Beginning with the line that includes "一つのマウスとキーボードで複数のパソコンを操作する", return every remaining line of the material exactly as it reads, but not the pictures.

▸ **AVAILABLE DATA**
+===+

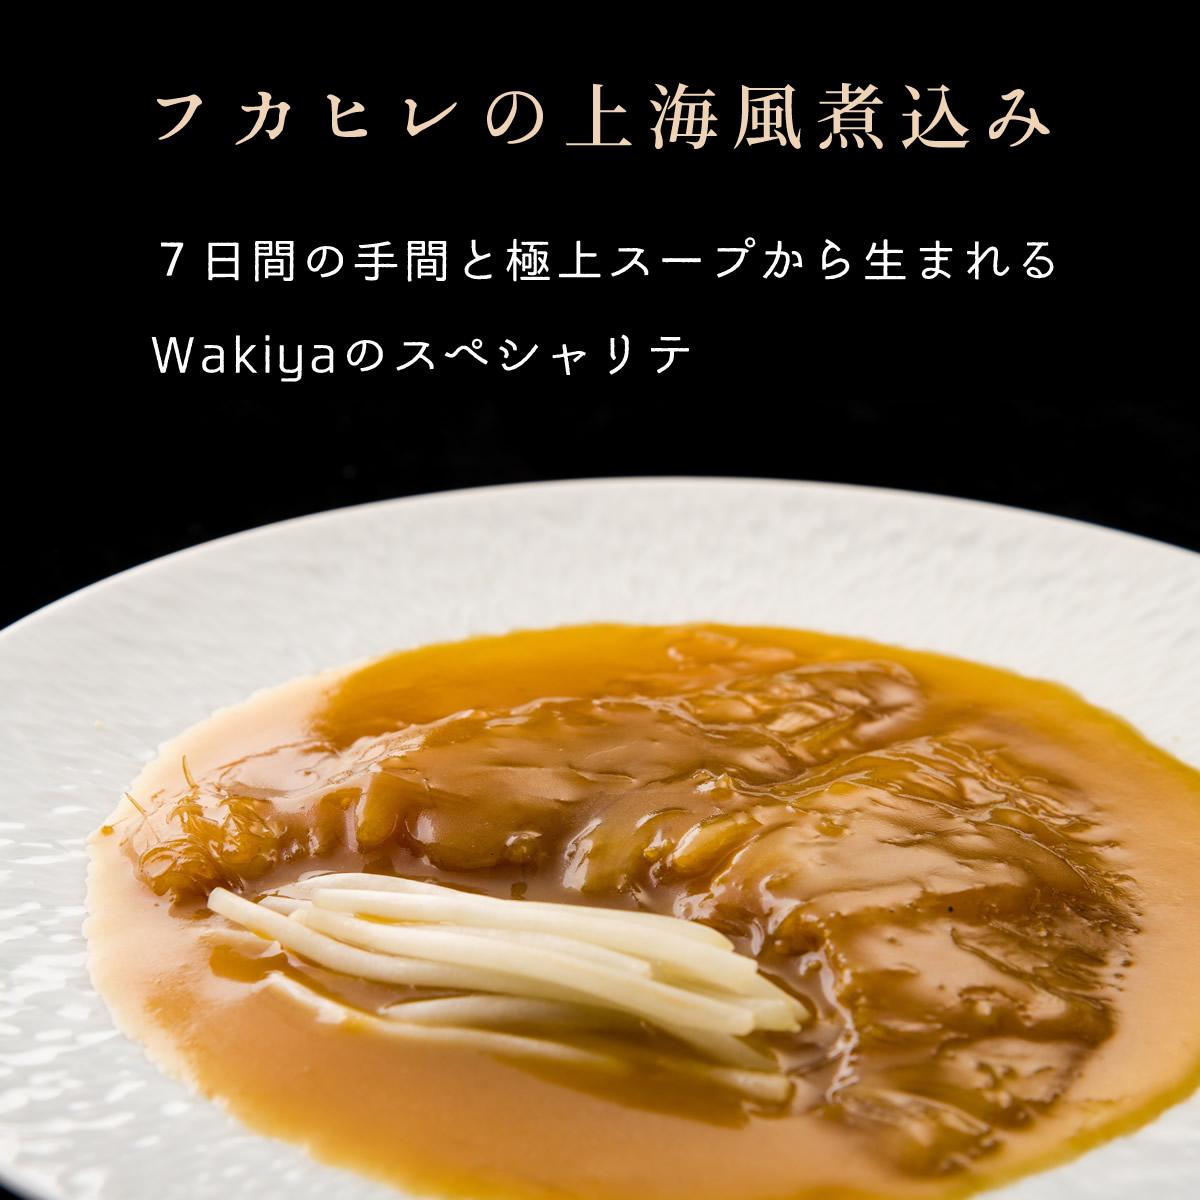 フカヒレの上海風煮込み~7日間の手間と極上スープから生まれるWakiyaのスペシャリテ。温めるだけでレストランの味を完全再現。
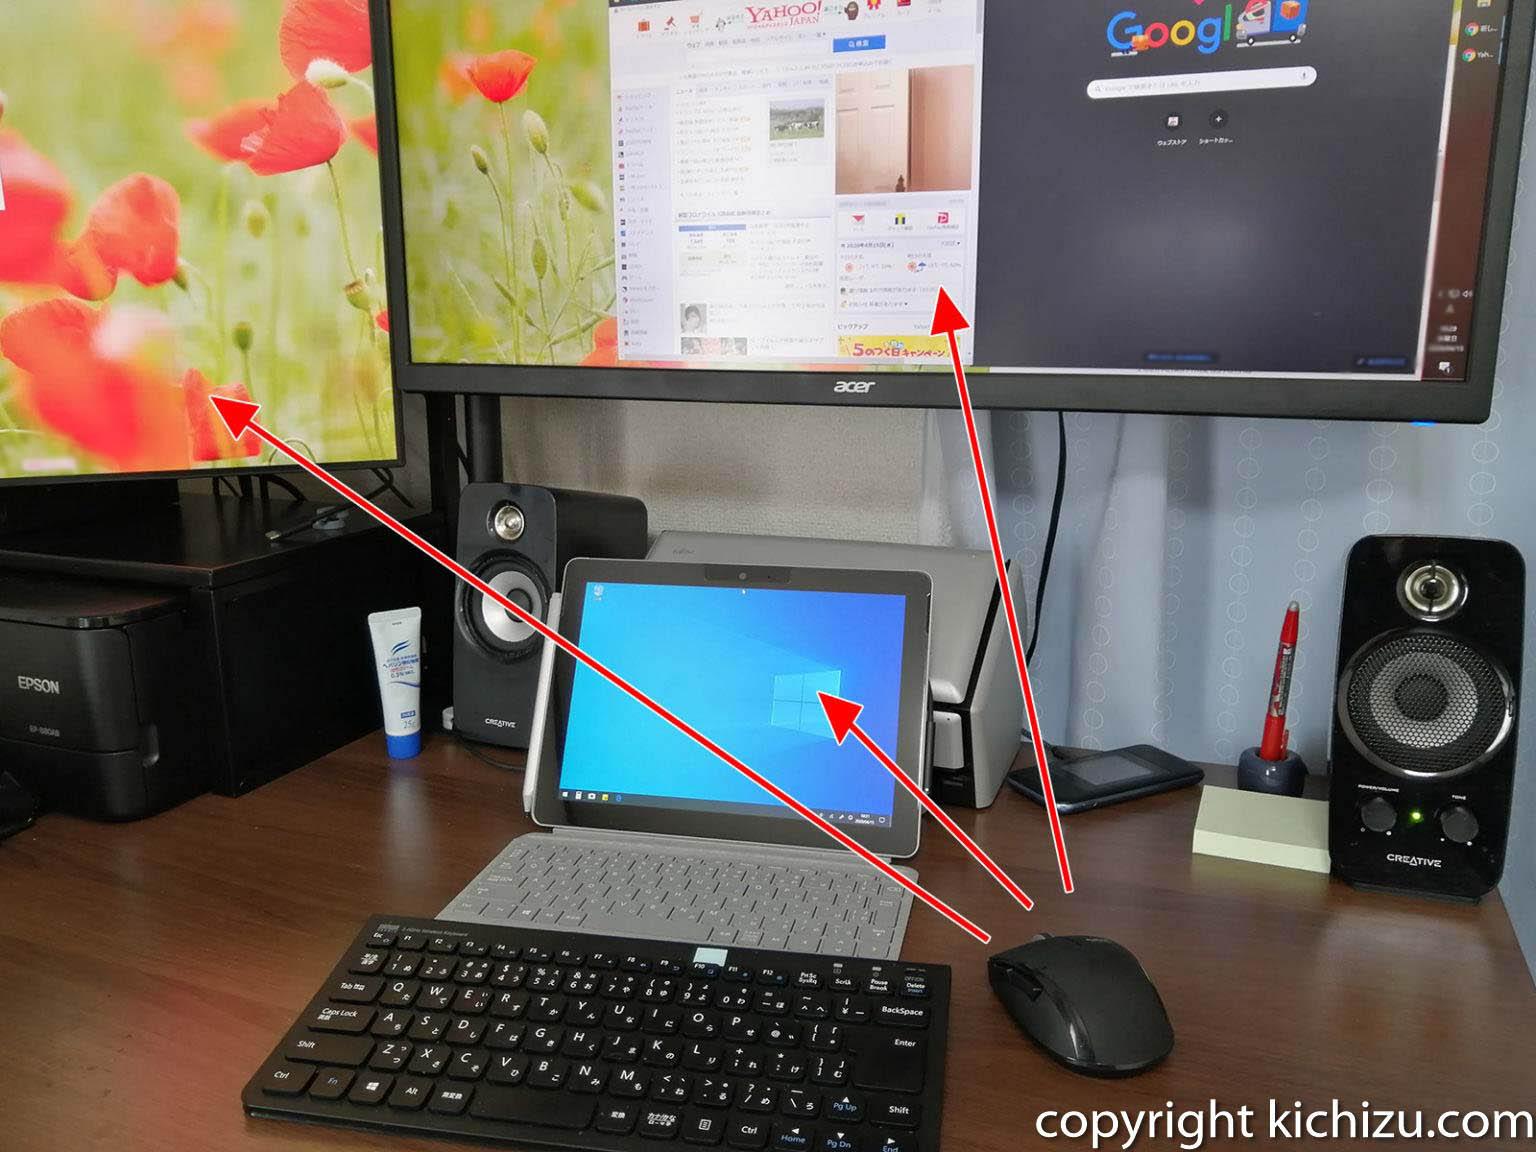 一つのマウスとキーボードで複数のパソコンを操作する
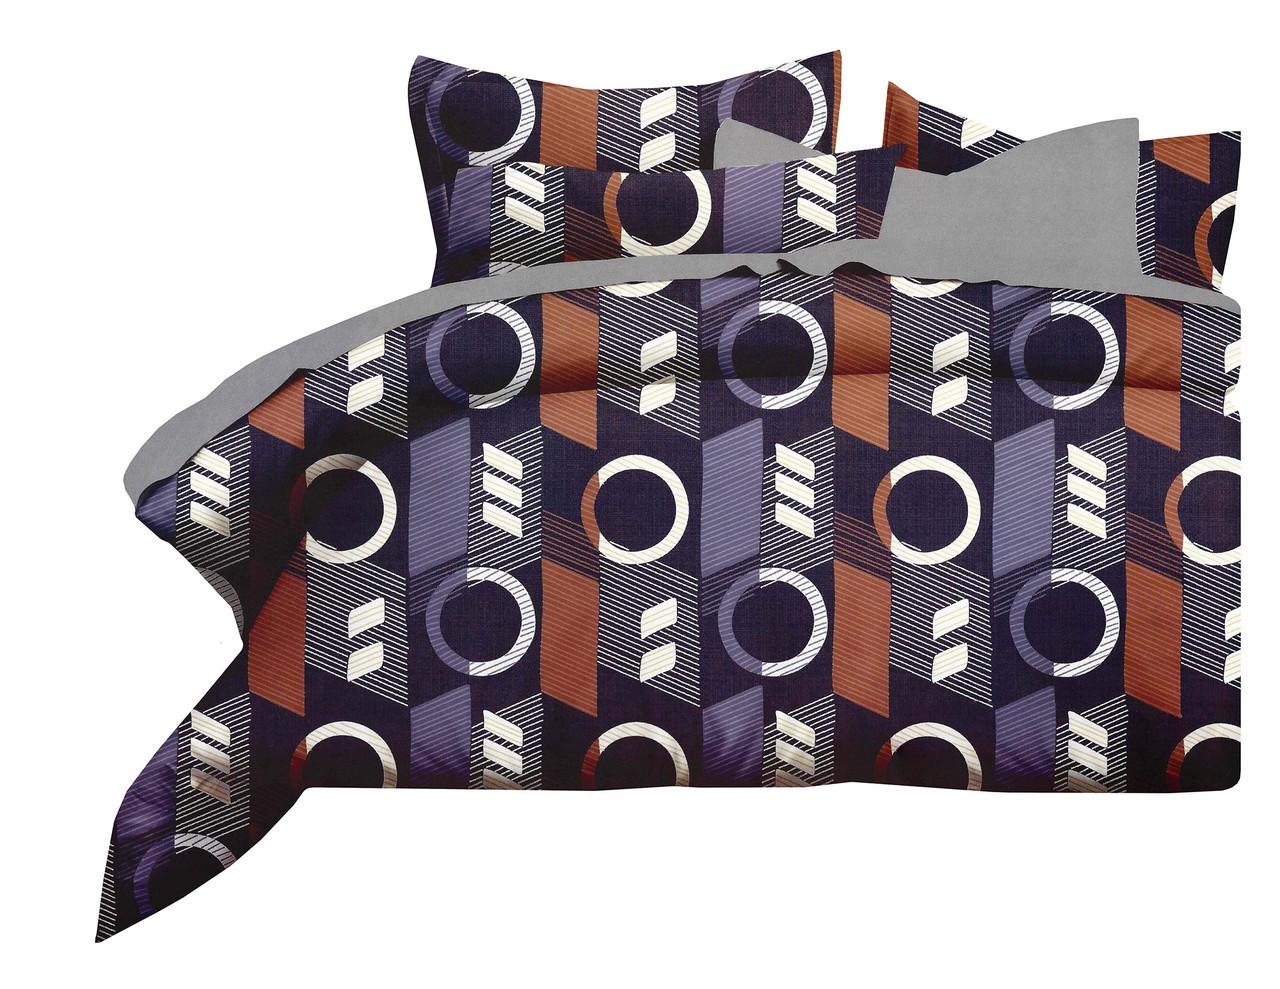 Комплект постельного белья Микроволокно HXDD-774 M&M 4044 Коричневый, Фиолетовый

+===+

▸ **THE COMPLETED TASK**
 一つのマウスとキーボードで複数のパソコンを操作する
 Комплект постельного белья Микроволокно HXDD-774 M&M 4044 Коричневый, Фиолетовый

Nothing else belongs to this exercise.